This is used to model processes such as the number of rain drops hitting a surface per second.

Say we have \(Q \sim \text{Binomial}(n,p)\) such that \(n \rightarrow \infty\) and \(p \rightarrow 0\), while \(np = \lambda\) is held fixed. Then \(Q_k = \binom{n}{k}p^k(1-p)^{n-k}\). Thus, \(Q_0 = (1-p)^n=\left(1-\frac{\lambda}{n}\right)^n \rightarrow e^{-\lambda}\).

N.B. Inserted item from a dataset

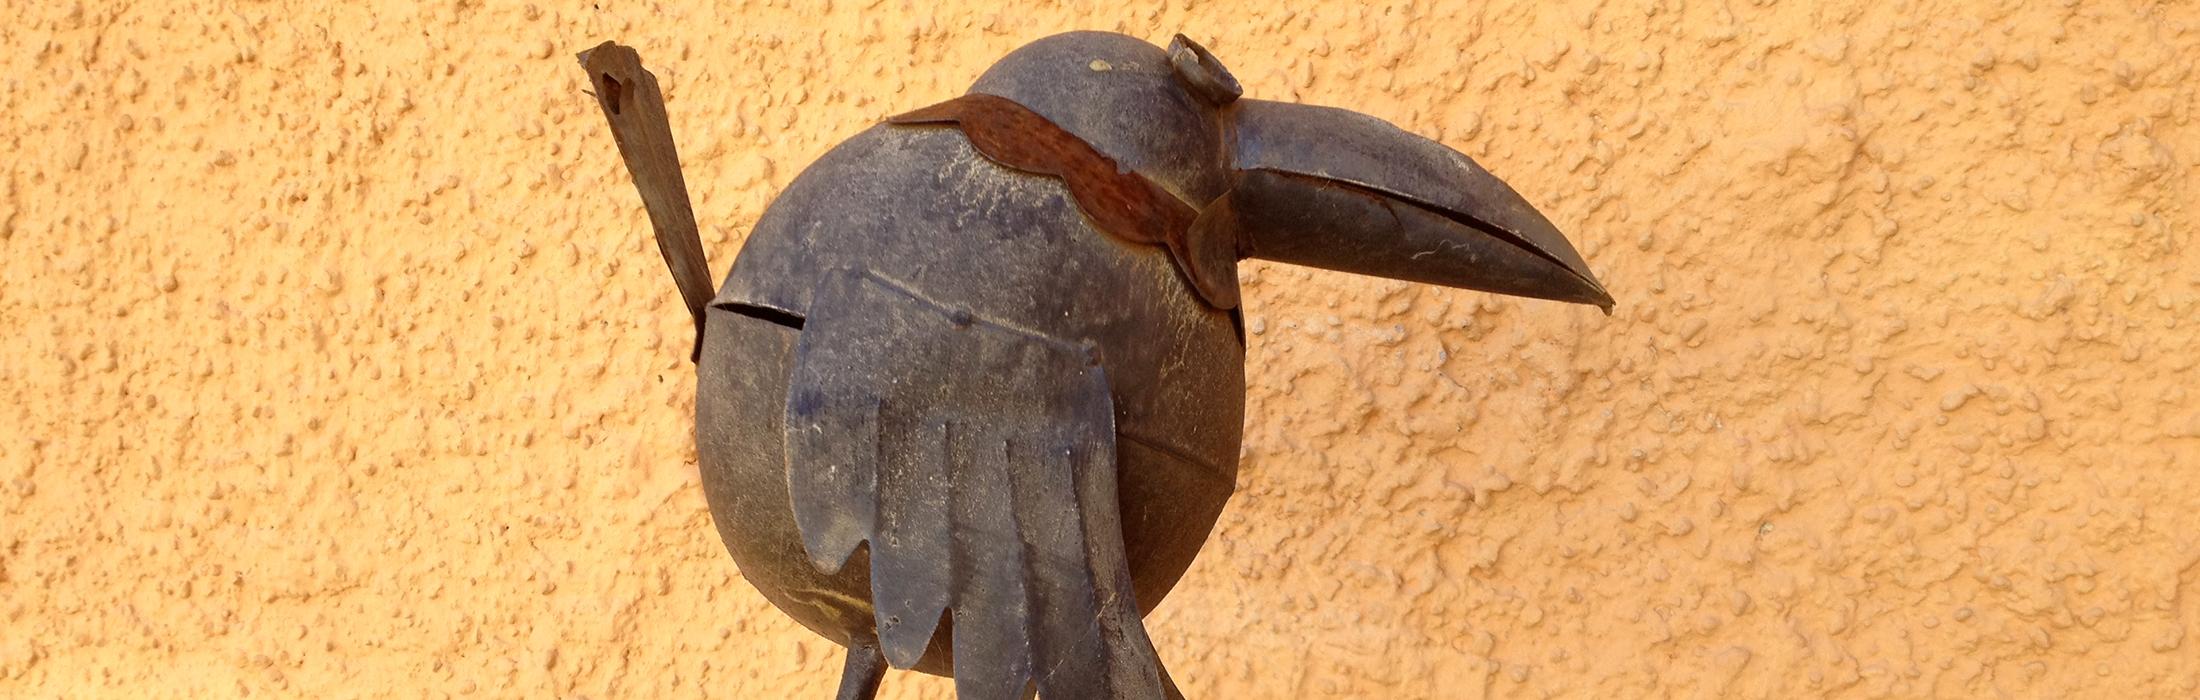 komischervogel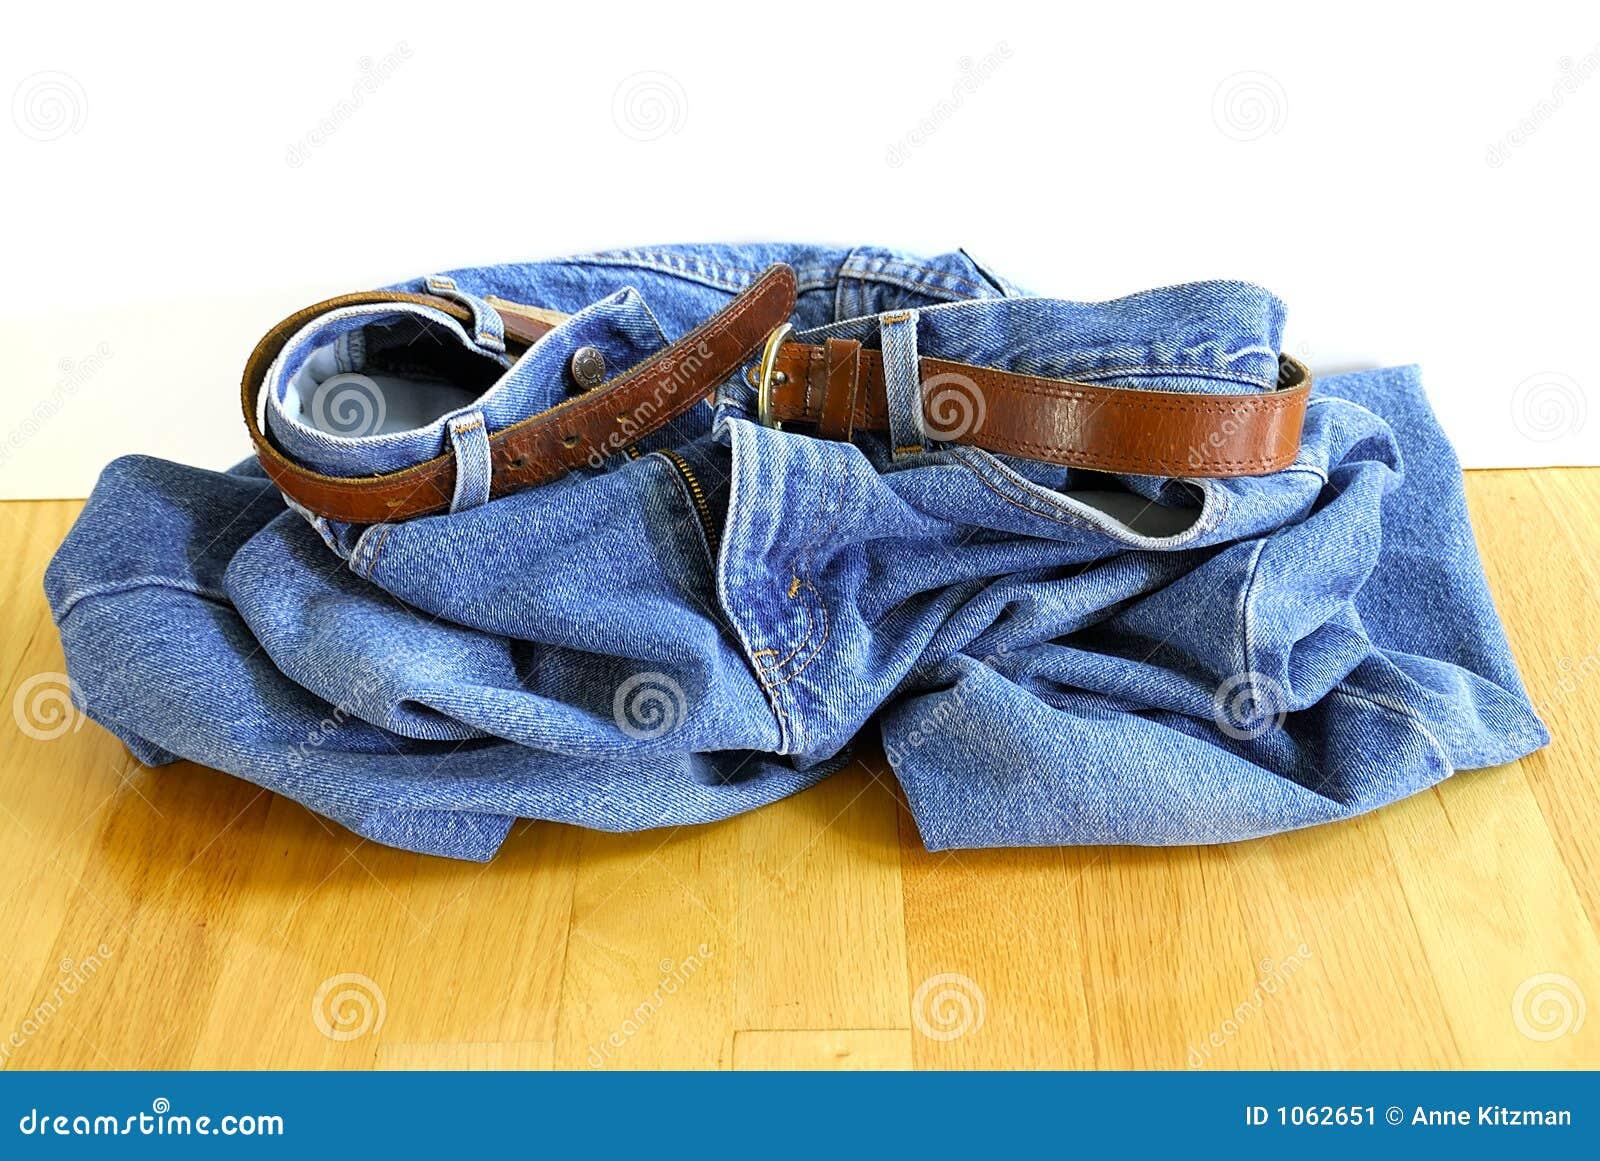 Deixe cair suas calças de brim

Now consider the ratio \(\frac{Q_k}{Q_{k-1}}\):

\begin{align} \frac{Q_k}{Q_{k-1}} = \frac{\binom{n}{k}p^k(1-p)^{n-k}}{\binom{n}{k-1}p^{k-1}(1-p)^{n-k+1}} = \frac{np}{k}\left[\frac{1-\frac{k-1}{n}}{1-p}\right] \notag \end{align}

As we consider the limits, the term \(\frac{1-\frac{k-1}{n}}{1-p} \rightarrow 1\), so we have:

\begin{align} \frac{Q_k}{Q_{k-1}} = \frac{\lambda}{k} \notag \end{align}

Then, we can find \(Q_k\) by the telescoping product:

\begin{align} Q_k=Q_0\frac{Q_1}{Q_0}\frac{Q_2}{Q_1}\cdots\frac{Q_k}{Q_{k-1}} &= e^{-\lambda}\left(\frac{\lambda}{1}\right)\left(\frac{\lambda}{2}\right)\cdots\left(\frac{\lambda}{k}\right) \notag \\ &= e^{-\lambda}\frac{\lambda^k}{k!} \notag \end{align}

This is precisely the Poisson distribution! So, the Poisson distribution is an approximation of the binomial distribution for rare events (\(p \rightarrow 0\)) over a continuous time (\(n \rightarrow \infty\)).

Additionally, we have:

\begin{align} \mathbb{E}[X] = \lambda \notag \\ \text{Var}(X) = \lambda \notag \end{align}

Theorem: We can also add Poisson distributions. Suppose \(X \sim \text{Poisson}(\lambda)\) and \(Y \sim \text{Poisson}(\mu)\) are independent random variables. Then, \(X+Y \sim \text{Poisson}(\lambda + \mu)\).

Proof: We can partition the event \(\mathbb{P}[X+Y=n]\) as \(\sum_{k=0}^n \mathbb{P}[X=k,Y=n-k]\). Then, by independence we have:

\begin{align} \mathbb{P}[X+Y=n] &= \sum_{k=0}^n\mathbb{P}[X=k]\mathbb{P}[Y=n-k] \notag \\ &= \sum_{k=0}^n\frac{e^{-\lambda}\lambda^k}{k!} \cdot \frac{e^{-\mu}\mu^{n-k}}{(n-k)!} \notag \\ &= \frac{e^{-(\lambda + \mu)}}{n!}\sum_{k=0}^n\frac{n!}{k!(n-k)!}\lambda^k\mu^{n-k} \notag \end{align}

By the binomial theorem, we get

\begin{align} \mathbb{P}[X+Y=n] = \frac{e^{-(\lambda + \mu)}(\lambda+\mu)^n}{n!} \notag \end{align}

Thus, \(X+Y \sim \text{Poisson}(\lambda + \mu)\). \(\square\)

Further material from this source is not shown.